Download or read book The Tears of the Rajas written by Ferdinand Mount and published by Simon and Schuster. This book was released on 2015-03-12 with total page 642 pages. Available in PDF, EPUB and Kindle. Book excerpt: The Tears of the Rajas is a sweeping history of the British in India, seen through the experiences of a single Scottish family. For a century the Lows of Clatto survived mutiny, siege, debt and disease, everywhere from the heat of Madras to the Afghan snows. They lived through the most appalling atrocities and retaliated with some of their own. Each of their lives, remarkable in itself, contributes to the story of the whole fragile and imperilled, often shockingly oppressive and devious but now and then heroic and poignant enterprise.
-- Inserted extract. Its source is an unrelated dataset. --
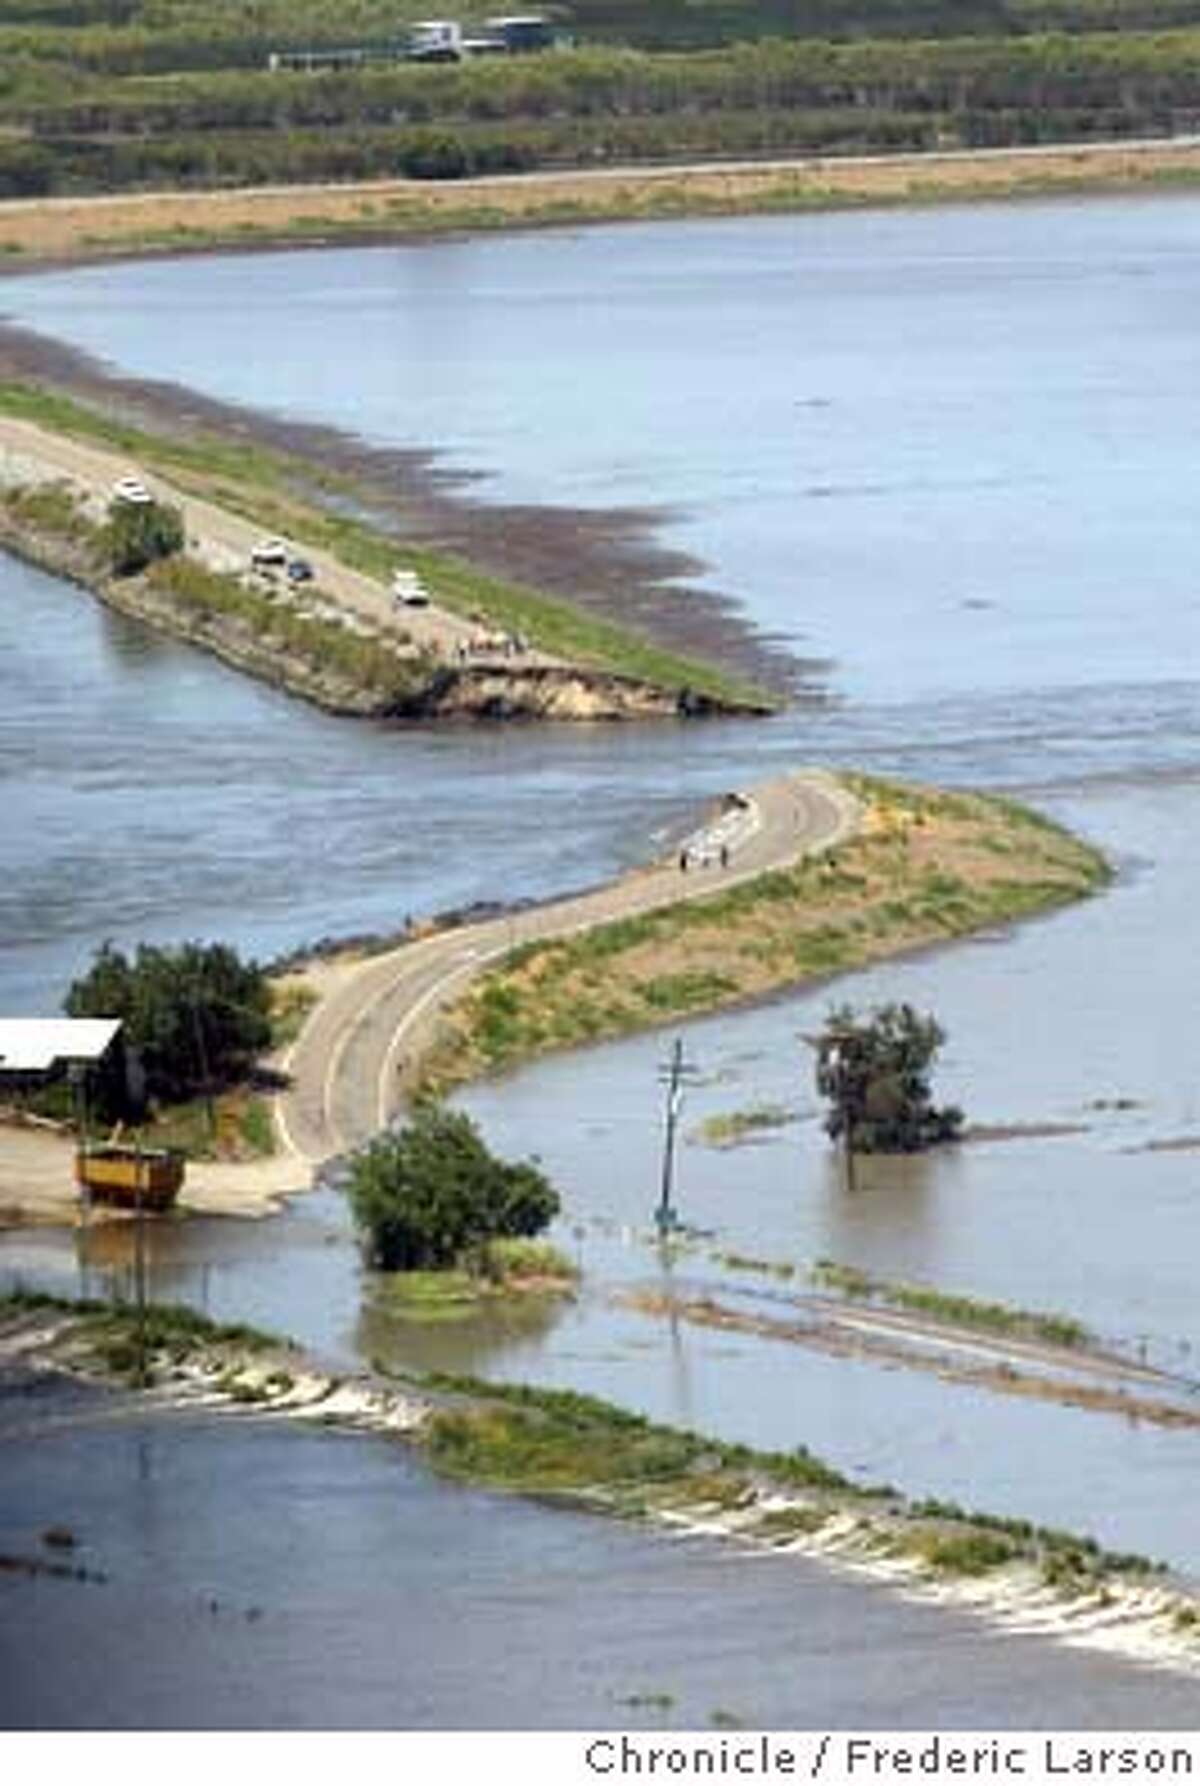 ; A levee break west of Stockton flooded farm fields on Bacon Island Thursday morning near a railroad line and pipelines that carry drinking water to the San Francisco Bay area. Neither the railroad line or water pipelines were immediately affected. Water officials were working to maintain the quality of drinking water flowing to cities as far away as Los Angeles. Coast Guard Petty Officer Wendy MacLean said about 65 feet of the levee gave way about 8:45 a.m. near the intersection of State Route 4 and West Bacon Island Road, north of Woodward Ferry. 6/3/04 San Francisco Chronicle Frederic Larson

On the surface, John and Augusta Low and their relations may seem imperturbable, but in their letters and diaries they often reveal their loneliness and desperation and their doubts about what they are doing in India. The Lows are the family of the author's grandmother, and a recurring theme of the book is his own discovery of them and of those parts of the history of the British in India which posterity has preferred to forget. The book brings to life not only the most dramatic incidents of their careers - the massacre at Vellore, the conquest of Java, the deposition of the boy-king of Oudh, the disasters in Afghanistan, the Reliefs of Lucknow and Chitral - but also their personal ordeals: the bankruptcies in Scotland and Calcutta, the plagues and fevers, the deaths of children and deaths in childbirth. And it brings to life too the unrepeatable strangeness of their lives: the camps and the palaces they lived in, the balls and the flirtations in the hill stations, and the hot slow rides through the dust. An epic saga of love, war, intrigue and treachery, The Tears of the Rajas is surely destined to become a classic of its kind.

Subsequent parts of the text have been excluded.